I attempted to prove this theorem by contrapositive. Suppose $\overline{S}$ is disconnected. Then $\overline{S}=A\cup B$ such that $\overline{A}\cap B=A\cap \overline{B}=\varnothing$ and $A$ and $B$ are both nonempty. It follows that since $S\subseteq \overline{S}$, $S\subseteq A\cup B$. If $S$ is closed then the theorem follows trivially, so we will consider $S$ not closed. If $S\subset A\cup B$, then $S\subset A$, $S\subset B$, or $S$ contains some elements from $A$ and some from $B$. Suppose $S\subset A$, then $\overline{S}\subset \overline{A}$, and therefore there must be a $p\in\overline{S}$ that is also in $\overline{A}$ and $B$ since $B$ is nonempty and $\overline{S}=A\cup B$. But this contradicts $\overline{A}\cap B=\varnothing$. The same arguments holds for $S\subset B$.

Therefore it must be the case that $S$ contains elements of $A$ and $B$. Define the following sets,

$C=\{p : p\in S\cap A\}$

$D=\{q :q\in S\cap B\}$.

Then $S=C\cup D$. Consier $\overline{C}\cap D$. If $p\in \overline{C}\cap D$, then $p\in \overline{A}\cap B$. Another contradiction.
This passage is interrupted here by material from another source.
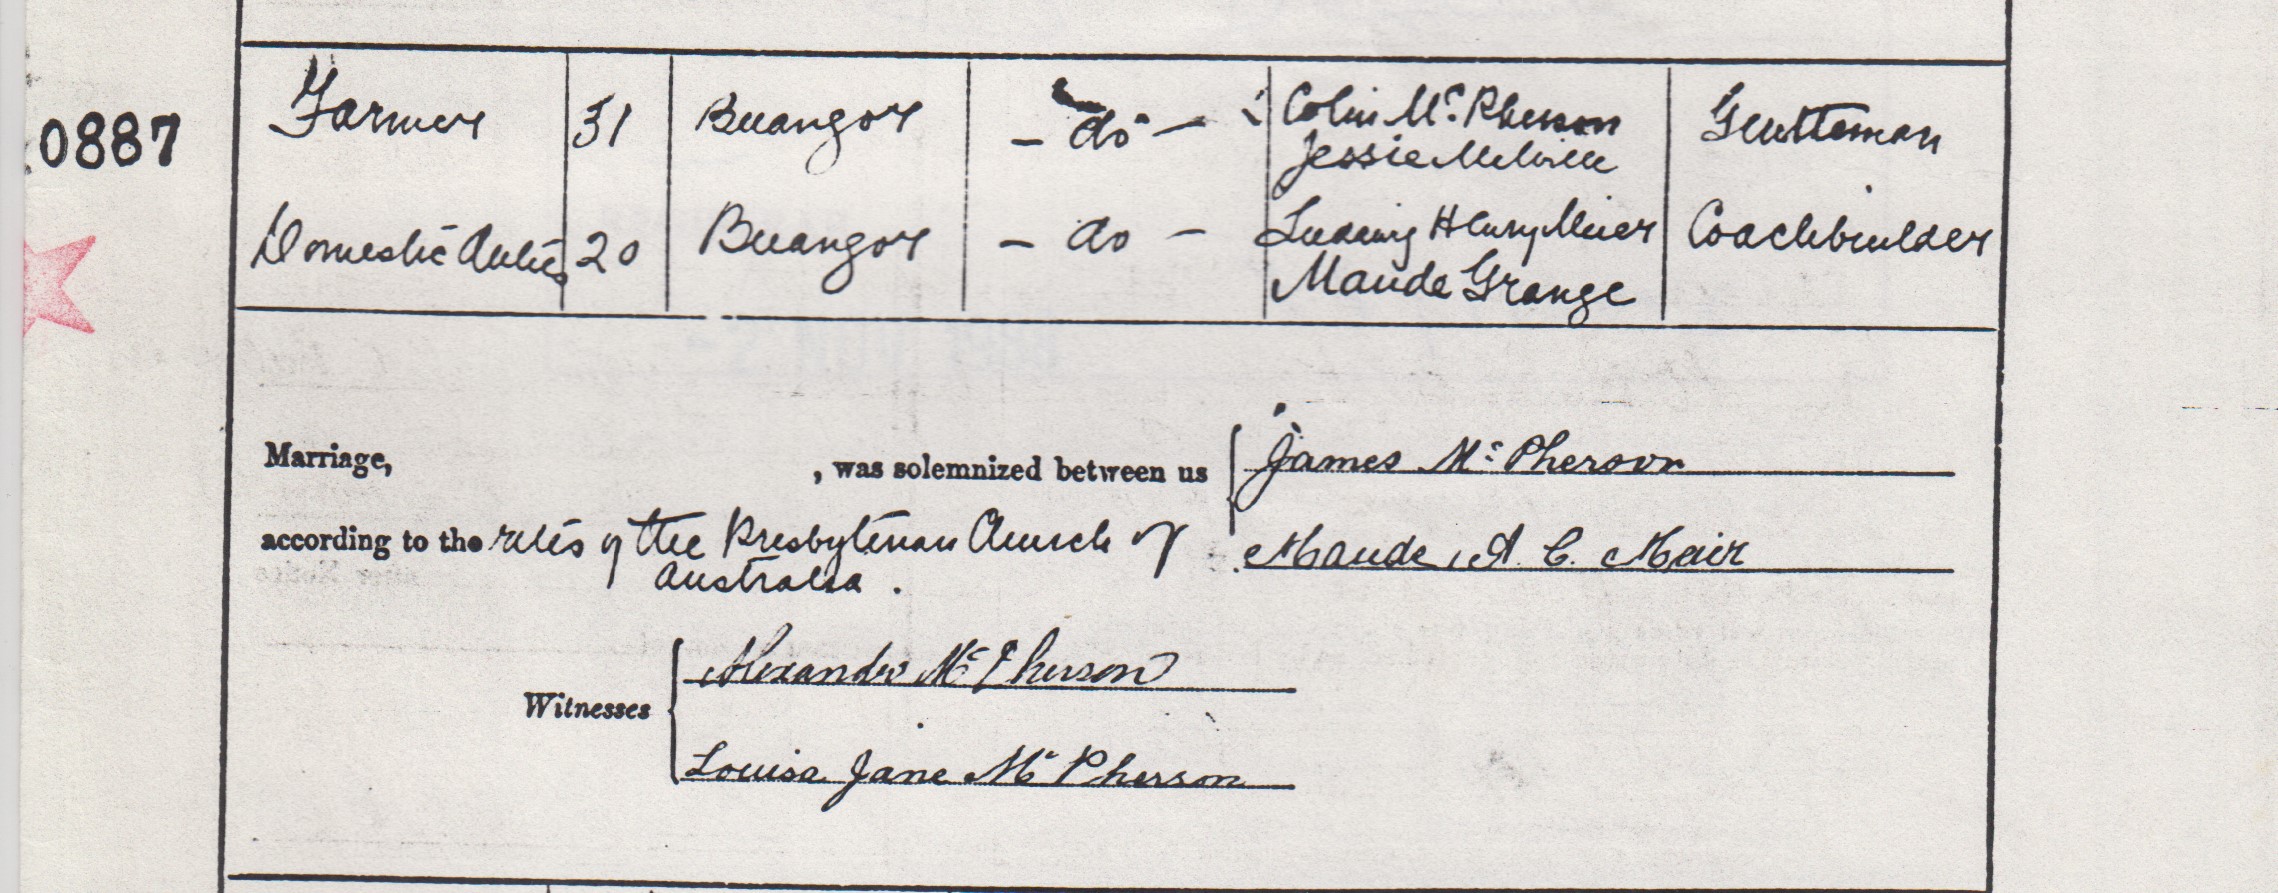 James McPherson marriage certificate part 2

The same argument holds for $C\cap \overline{D}$. Therefore $S=C\cup D$ with $\overline{C}\cap D=C\cap \overline{D}=\varnothing$. Thus, by contrapositive, if $S$ is connected then $\overline{S}$ is connected.

Answer 1

Instead of with separated subsets, work with non-trivial clopen sets (it's equivalent): suppose $C$ is a non-empty clopen subset of $\overline{S}$; being open it intersects $S$ non-emptily, so $C \cap S$ is non-empty clopen in $S$. As $S$ is connected, $C \cap S= S$, or equivalently $S \subseteq C$. It follows that $\overline{S} \subseteq \overline{C}=C$ and so $C=\overline{S}$ and $\overline{S}$ is connected.
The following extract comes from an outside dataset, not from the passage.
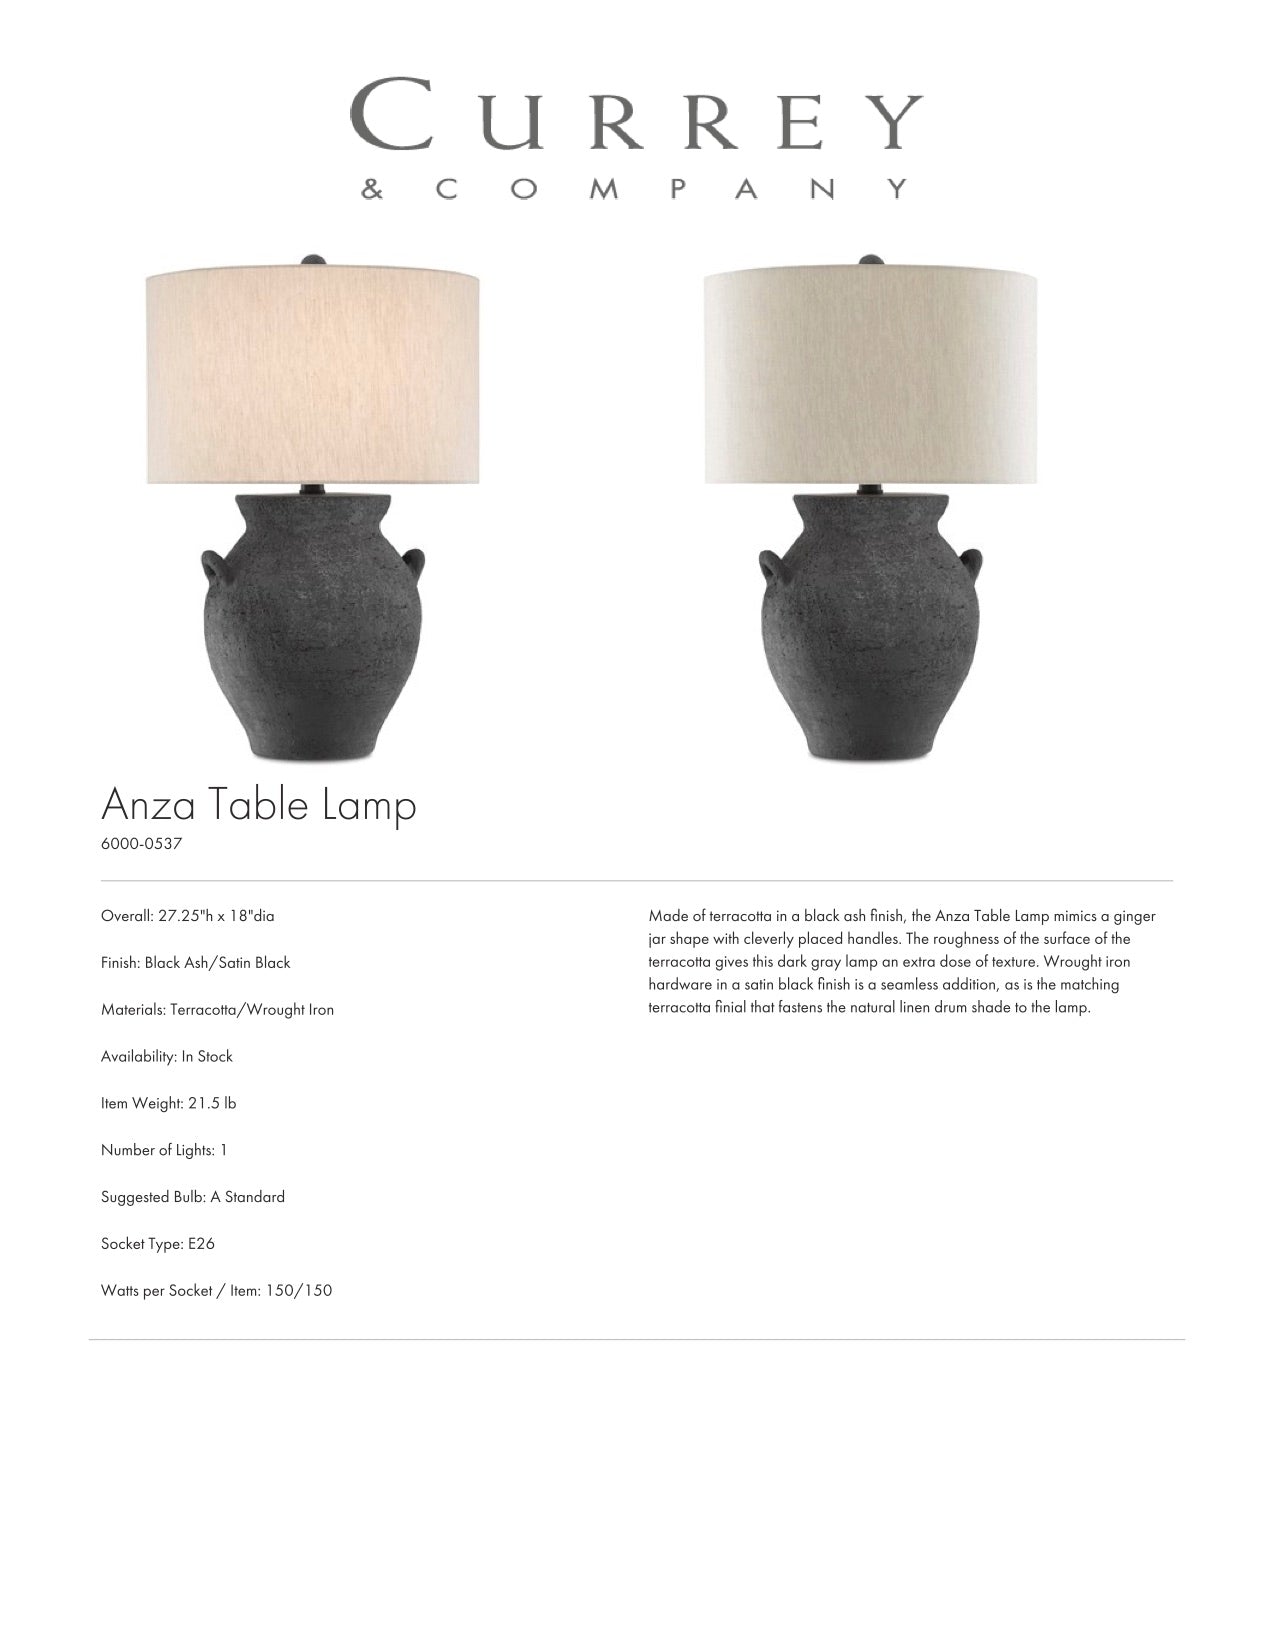 Currey & Company Anza Table Lamp Tearsheet

Yet another alternative: suppose $f: \overline{S} \to 2=(\{0,1\}, \tau_{\text{discr}})$ is continuous; we need to show it's constant. $f\restriction_S: S \to 2$ must be constant by connectedness of $S$ and as $S$ is dense in $\overline{S}$ and the space $2$ is Hausdorff, we get that $f$ is constant on $S$ as it coincides with a constant map on a dense subset. QED.

Or if you insist on separated sets: Suppose that $\overline{S}= A \cup B$, a separation.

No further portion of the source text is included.